What you need to do: The lines from the one holding "Porsche 911 gt3 rs review 2017 autocar - Porsche" to the final line of the listing below are to be duplicated exactly, with both ends included and pictures omitted.

___ Recorded information ___

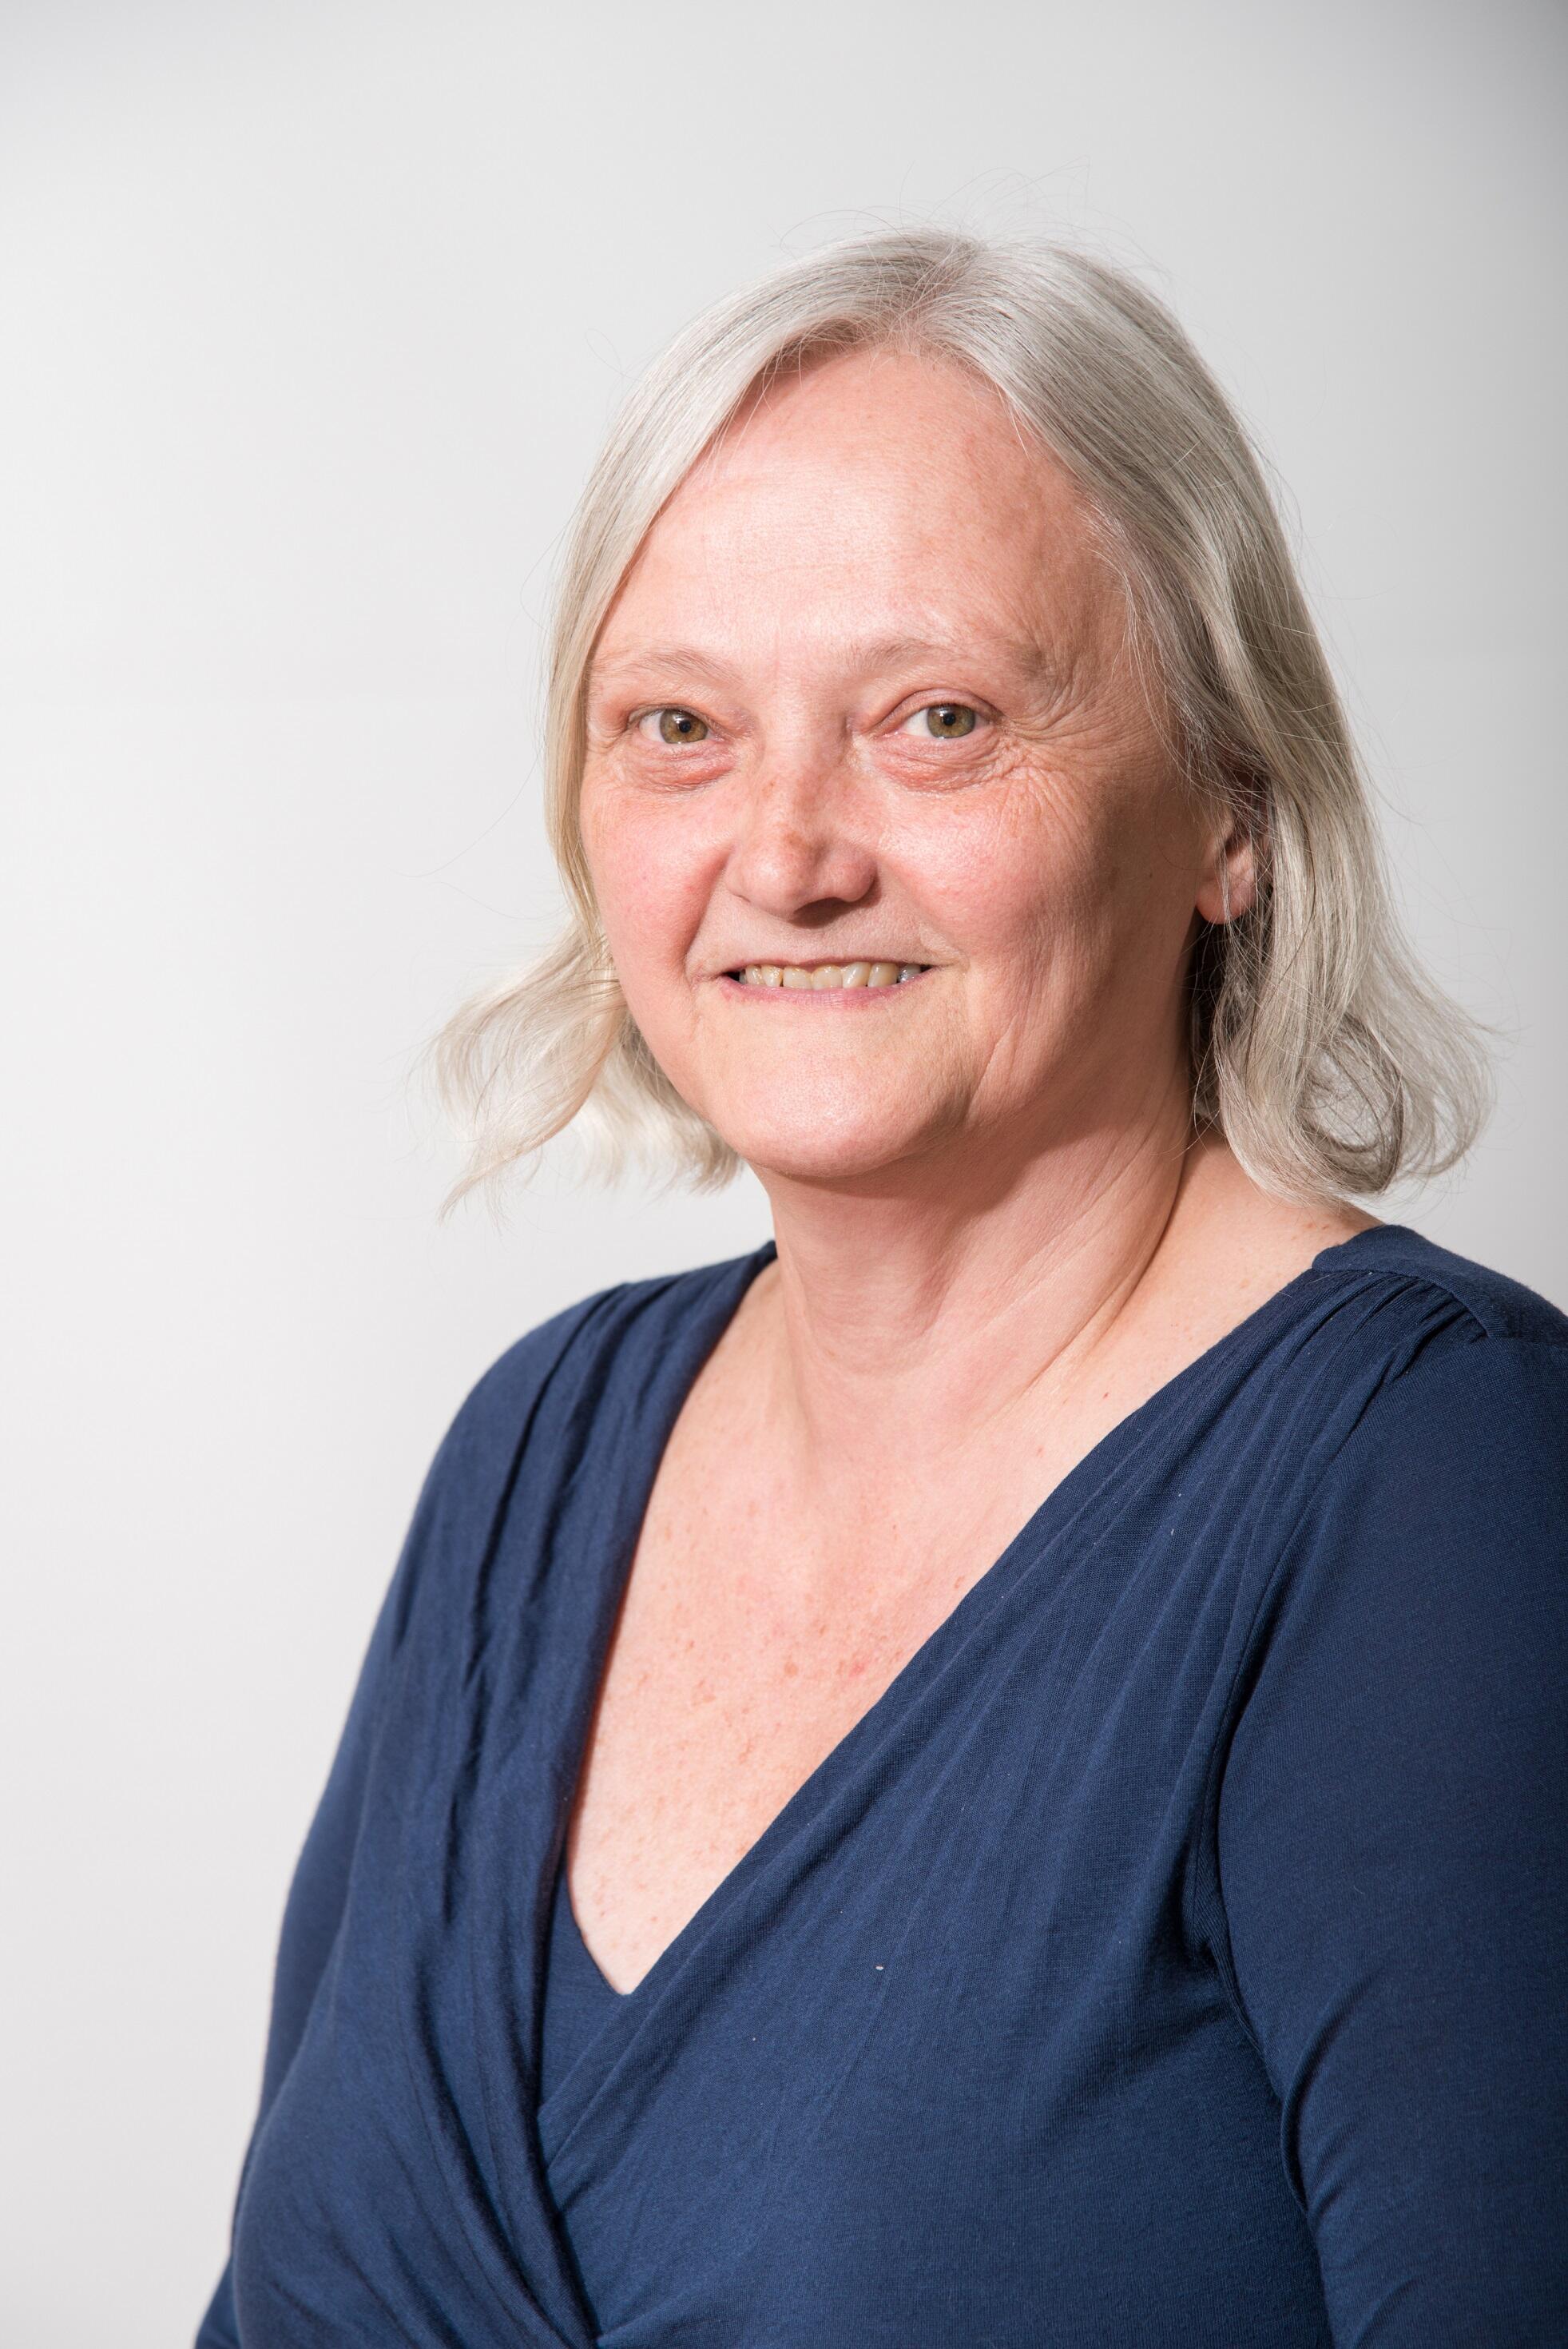 iiCON Director, Professor Janet Hemingway
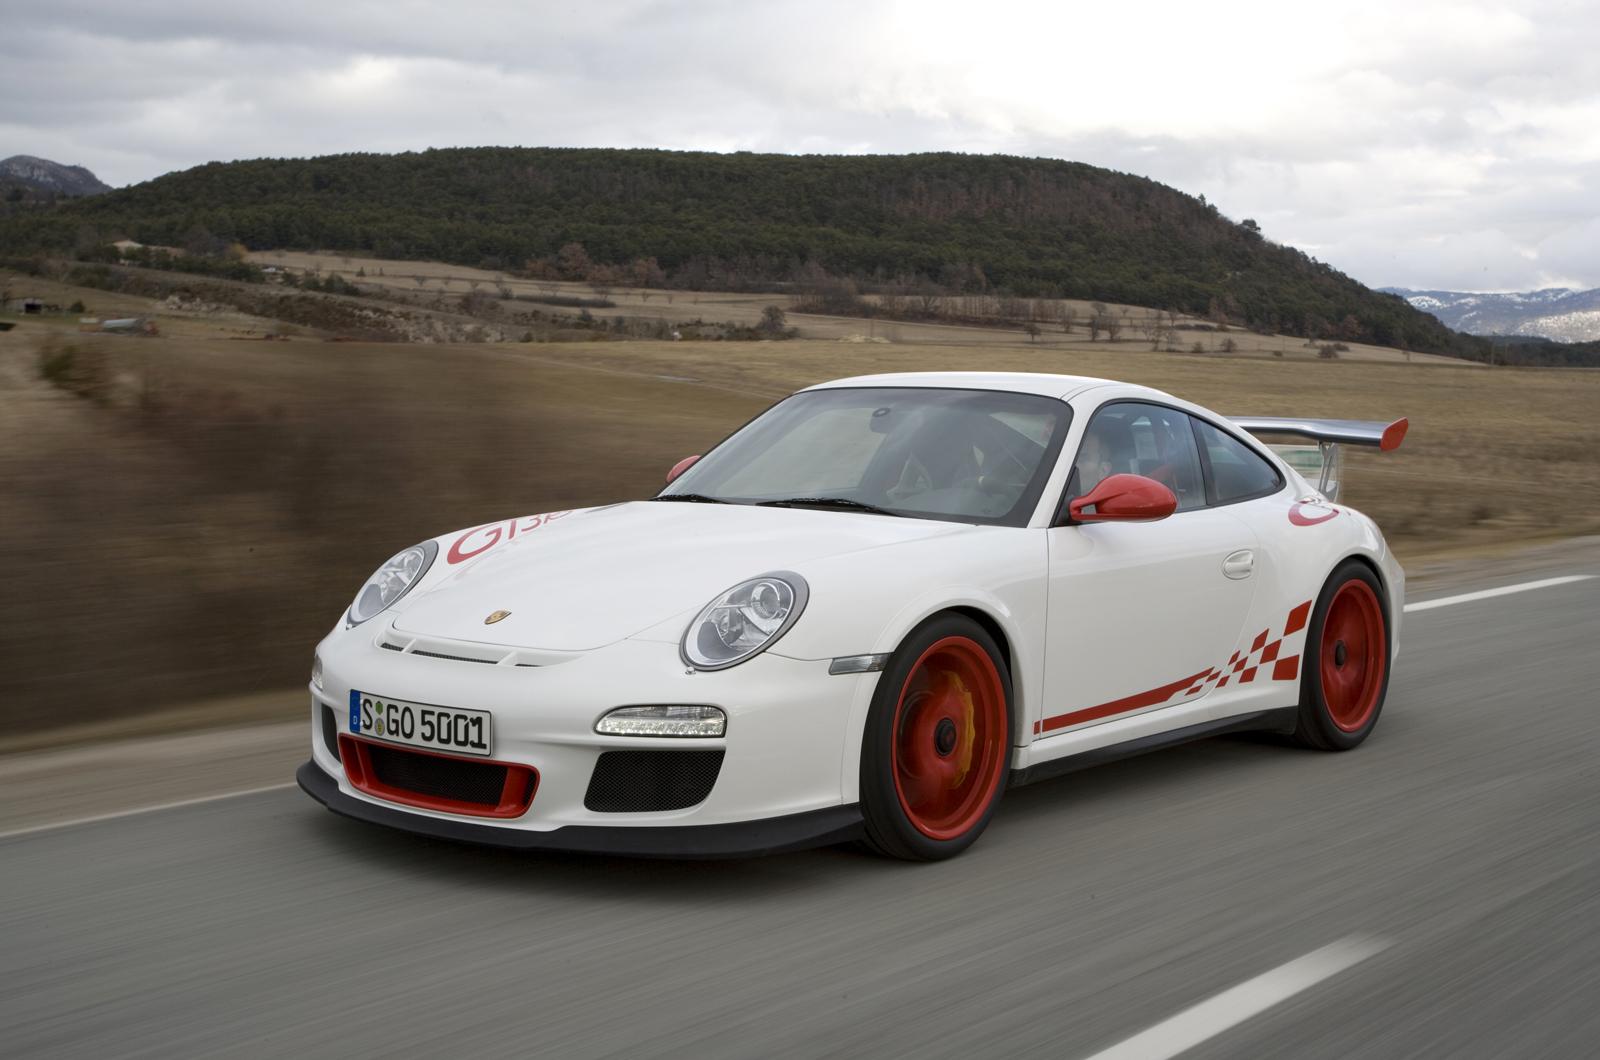 Porsche 911 gt3 rs review 2017 autocar - Porsche 911 Gt3 Rs Review 2017 Autocar 0
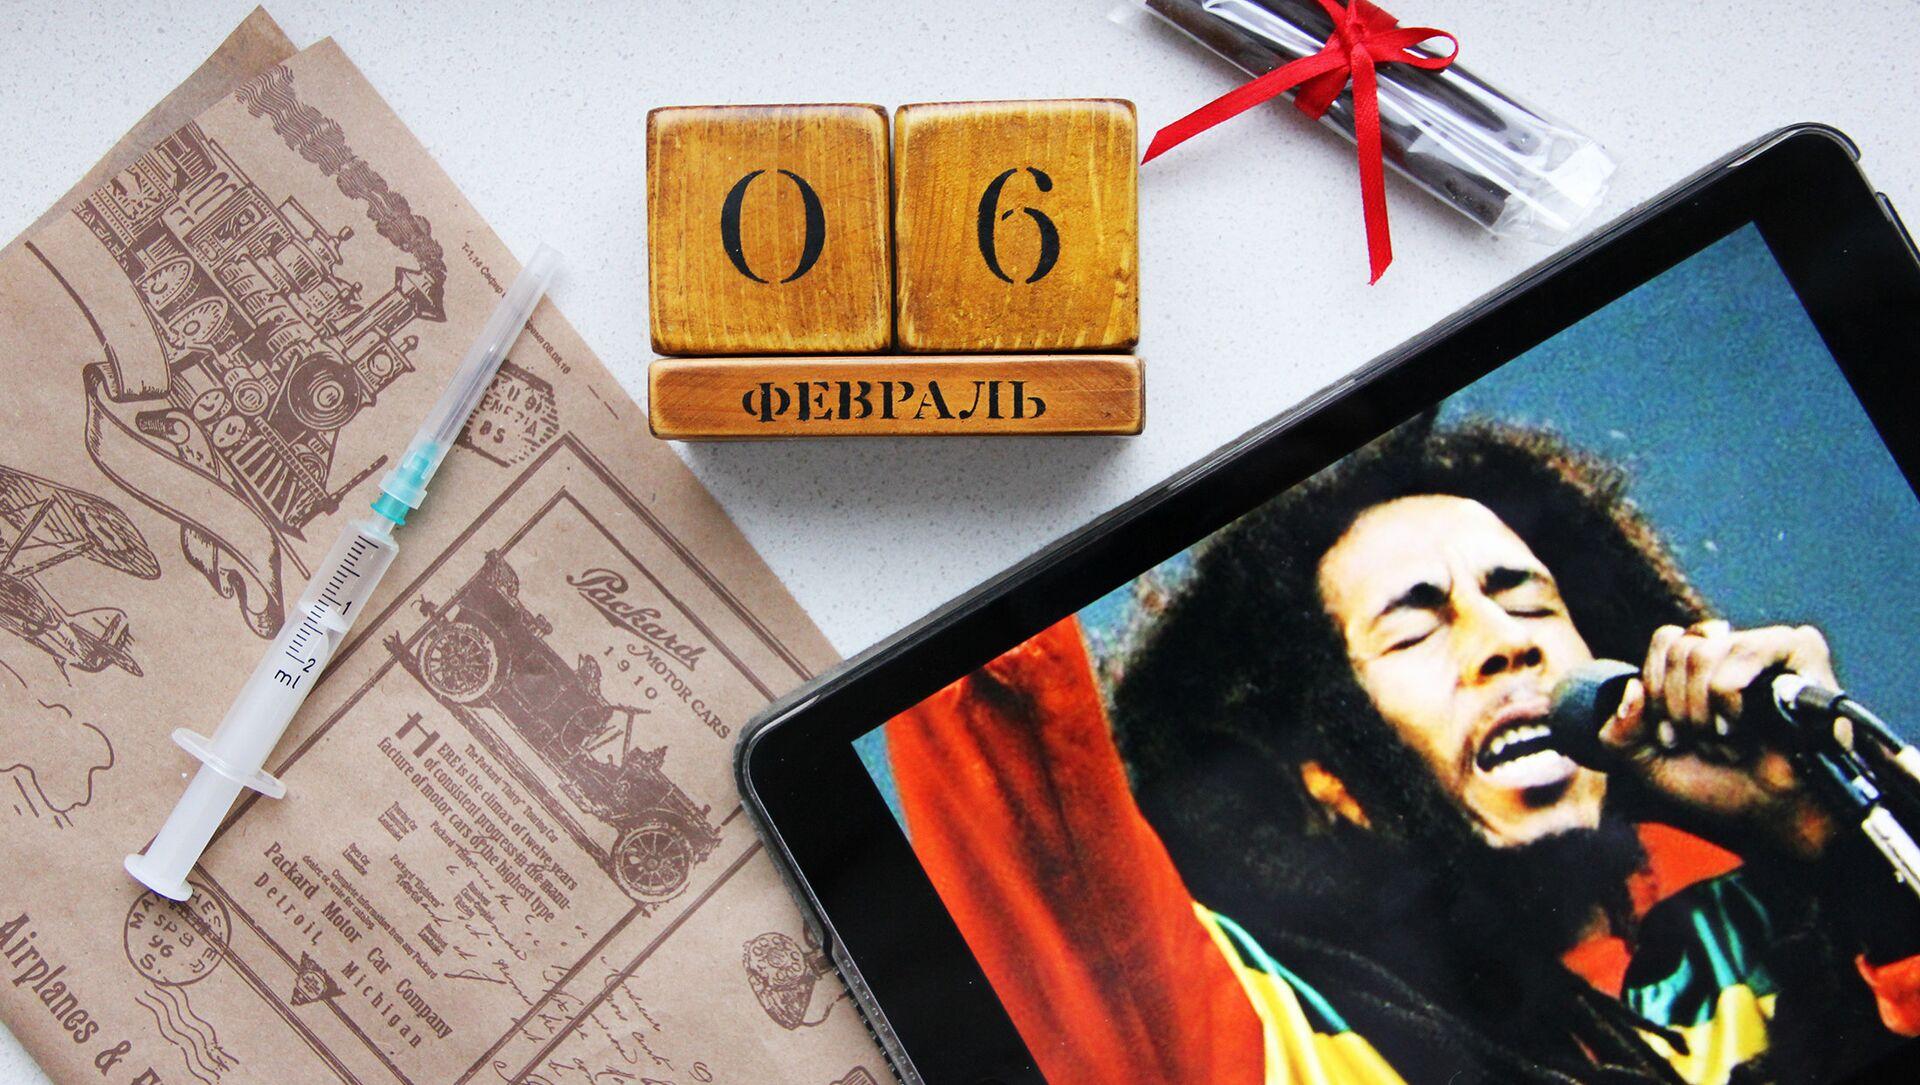 Календарь 6 февраля - Sputnik Беларусь, 1920, 06.02.2021

___

Solution to this exercise:
 Porsche 911 gt3 rs review 2017 autocar - Porsche 911 Gt3 Rs Review 2017 Autocar 0
 Календарь 6 февраля - Sputnik Беларусь, 1920, 06.02.2021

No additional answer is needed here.